Where I hate on "Frankenstein"
After
Enter, "Frankenstein."
Now, exit me.
Why do I keep torturing myself? As a fan of the horror genre, I want to be a purist and delve into "where it all started," but now that I'm at the beginning, I just want to go home.
Who do I blame? Mary Shelley? Dr. Frankenstein? The narrator?
Yes. I said narrator. I listened to it while driving to work. It's another classic killed by the narrator. I get it, sir. Frankenstein sounds German, but guess what? Your accent doesn't. Please stop.
And your voice for women? A whispery lilt that hurts. Where do they find these people? Is there a small pool of narrators for audio books?

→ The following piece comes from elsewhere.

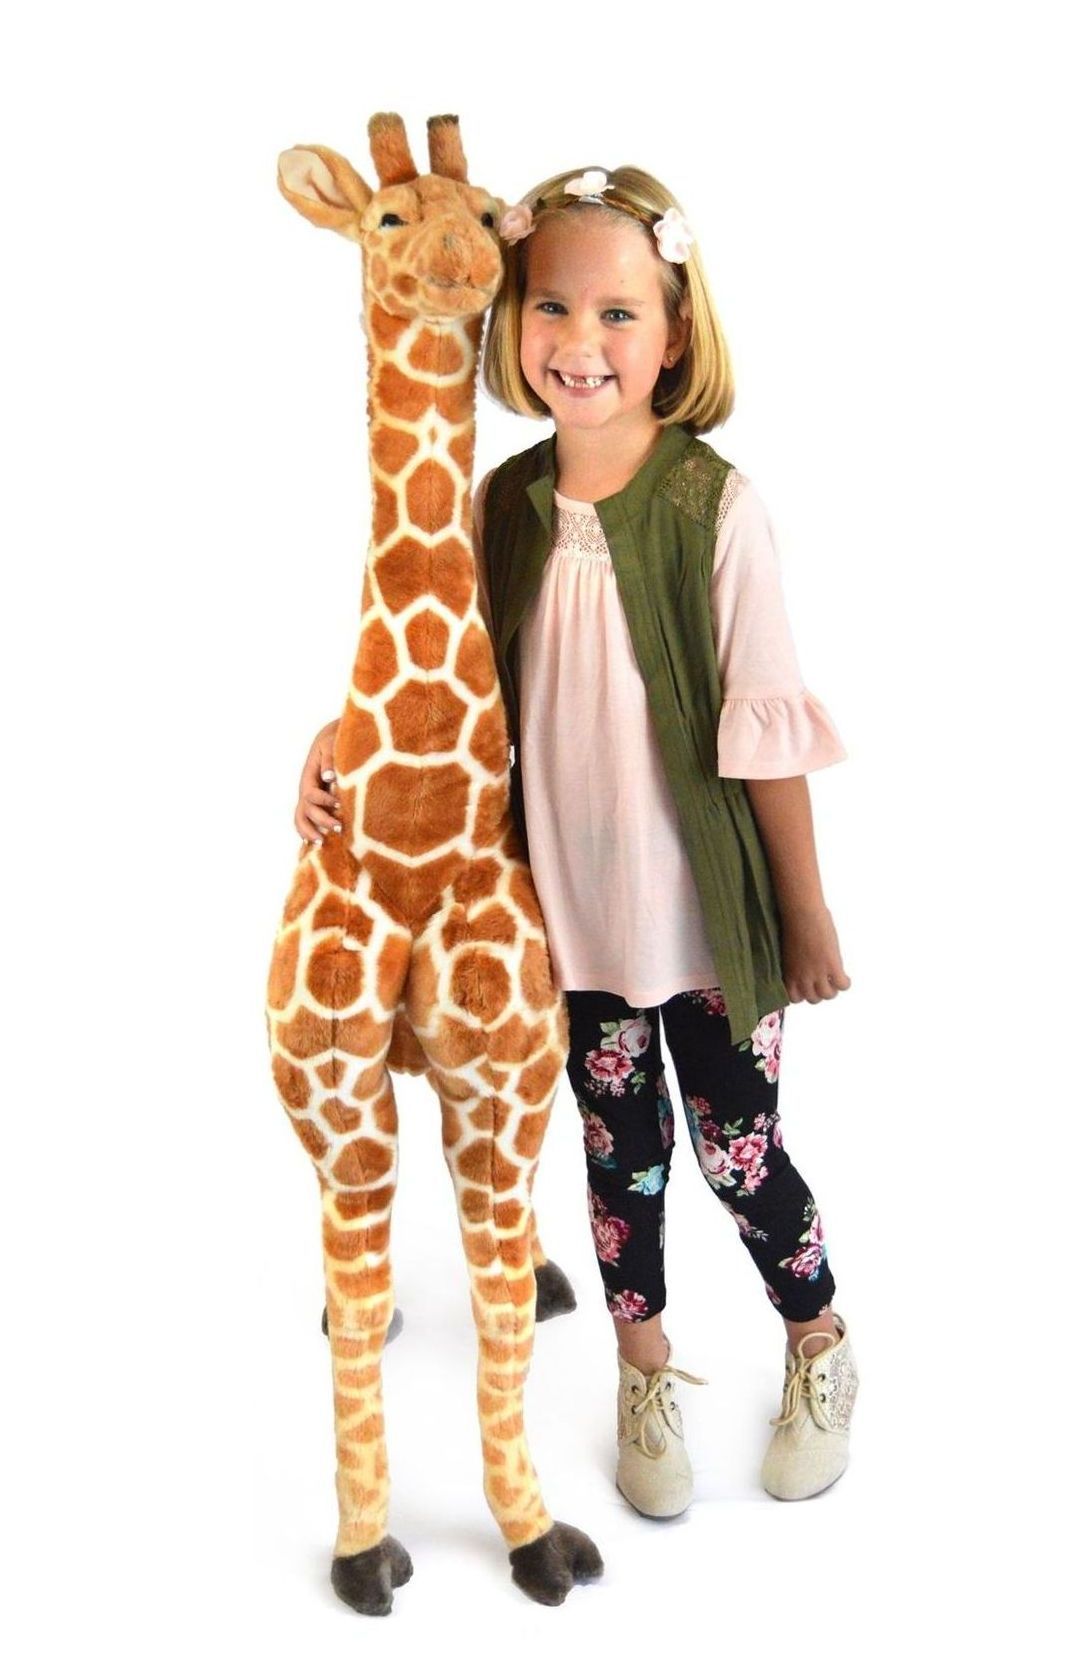 giant giraffe plush toy

I'll be submitting my resume.
I can't wholly blame the narrator. The story is a long-winded account of a stupid man with daddy issues that abandons his creation.
We find out Frankenstein is some kind of doctor, some kind of scientist. We, the reader, don't get to know what kind. Instead, we read that he's secretly doing something with no detail at all. Not in some grand castle with lightning and screamings of "It's alive!" but in some upstairs bedroom in an apartment.

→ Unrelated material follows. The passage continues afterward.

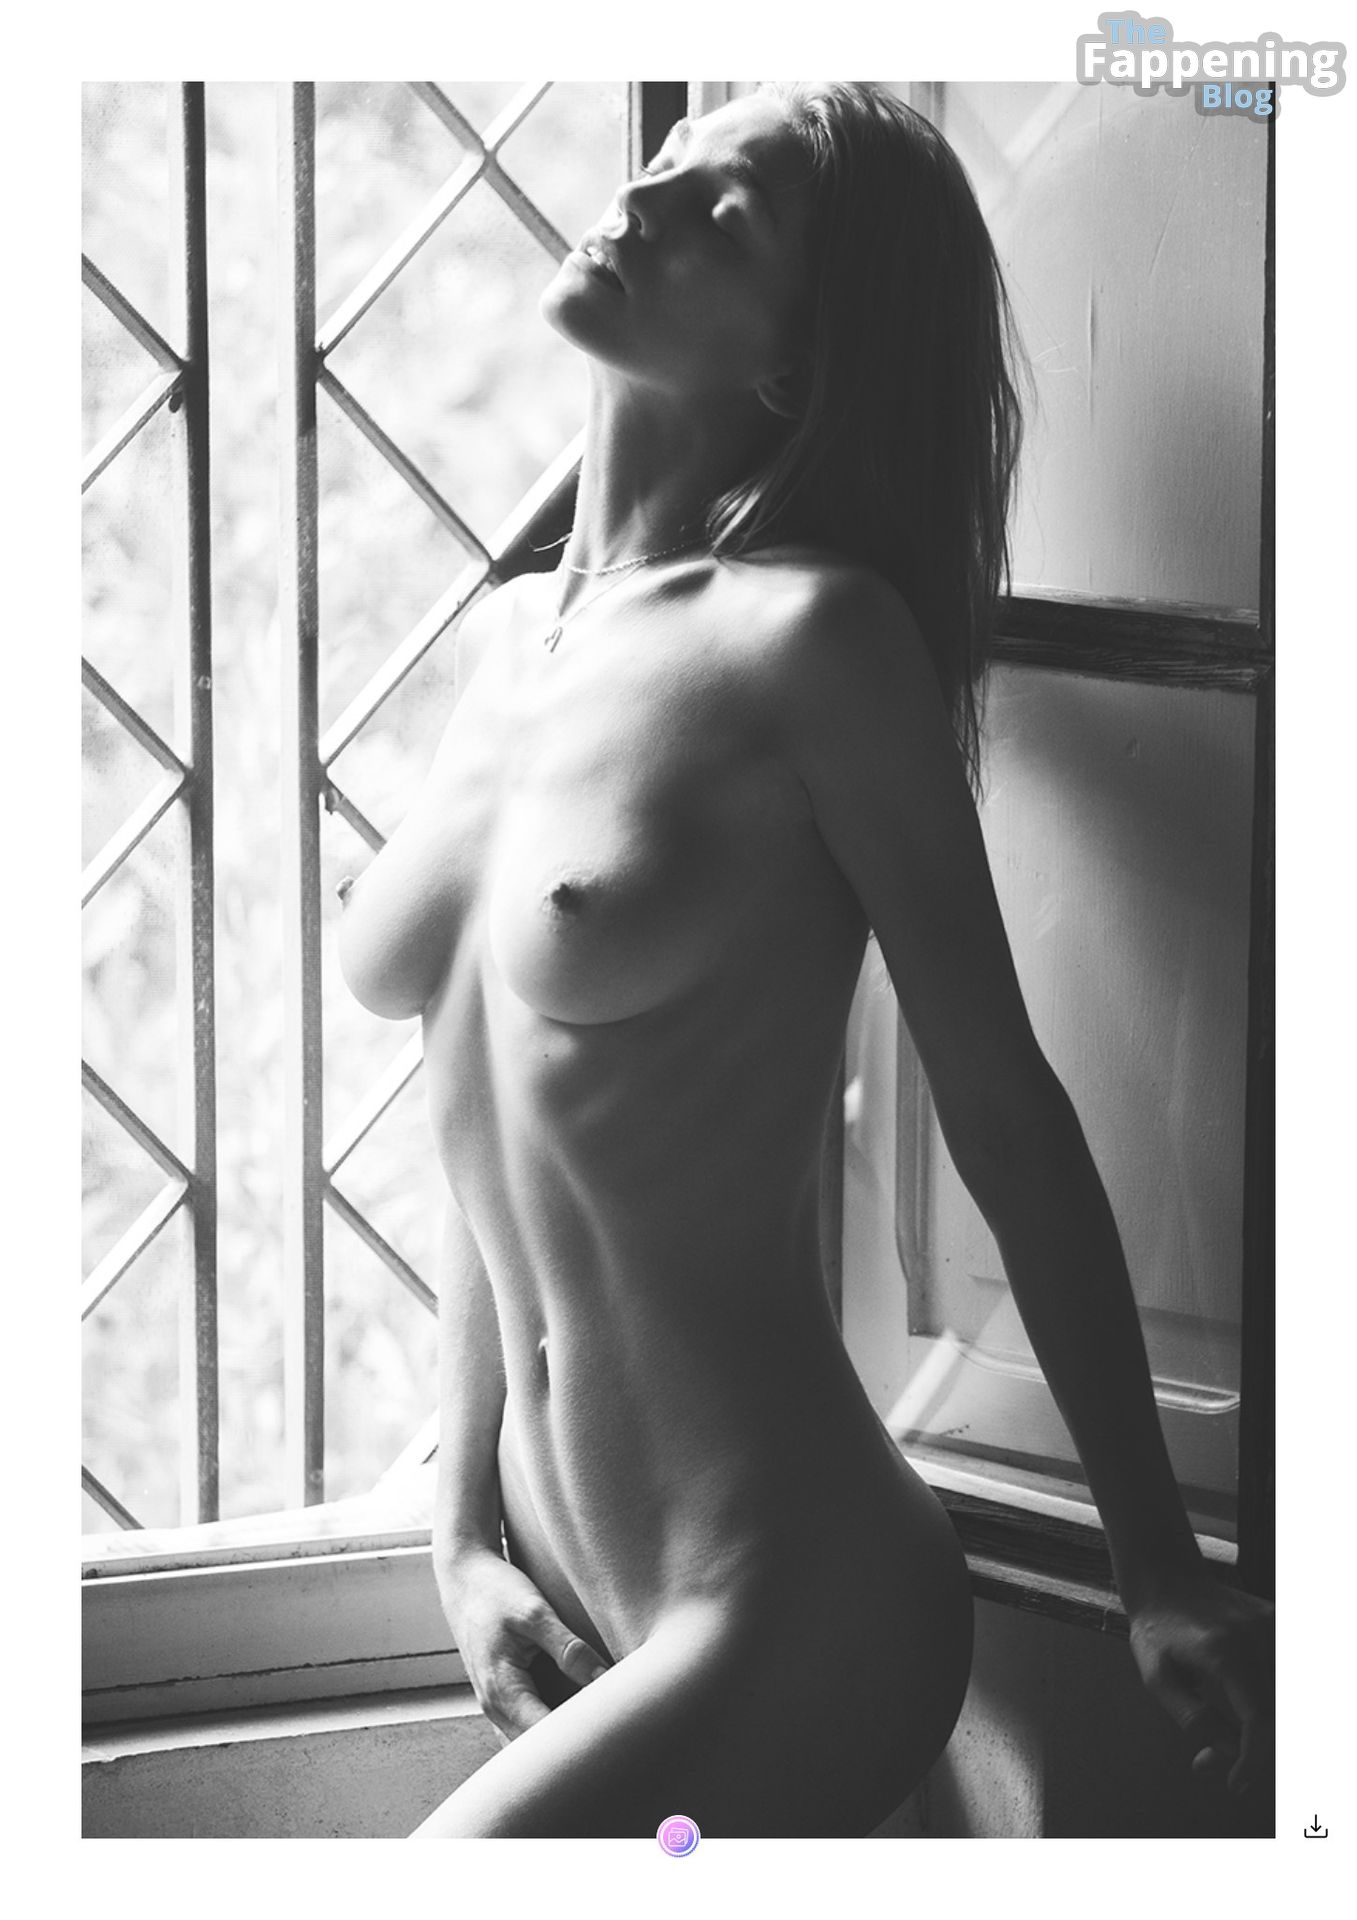 Samantha-Gradoville-Nude-21-The-Fappening-Blog.jpg

Boo-hiss, Shelley. This is fiction: You could've easily put Frankenstein in a suitable laboratory. Your knowledge about science was obviously limited, so you could've beefed up the supernatural.
Then, once the doctor's monster-creation-thing wakes up, Frankenstein pees himself, and runs away from it. He leaves his residence, and then, upon his return, is relieved to find that his monster-creation-thing is gone.
He didn't care for it, give it a bottle and show it the world. That alone was infuriating.
And then a friend comes to visit, and he's stuck taking care of Frankenstein who is sweat-swooning and mumbling on about his creation. If I were that friend, I would've slapped Frankenstein, hard, across the face, grabbed onto his collar and shaken him, whilst yelling, "snap out of it!"
In the meantime, the monster-creation-thing kills a kid. One of Frankenstein's lady-relatives is convicted of the murder. Frankenstein is a sissy that doesn't let his people know that it just might be his fault, since, you know, he created a living thing and then abandoned it. But then, the lady-relative confesses to the murder (even though she is innocent) and is hung, and that's where I gave up on the book.
I was probably 40 pages in. That was 40 pages too much.
Maybe listening killed the literary star, but I'm going to stick to some more modern writing for the time being.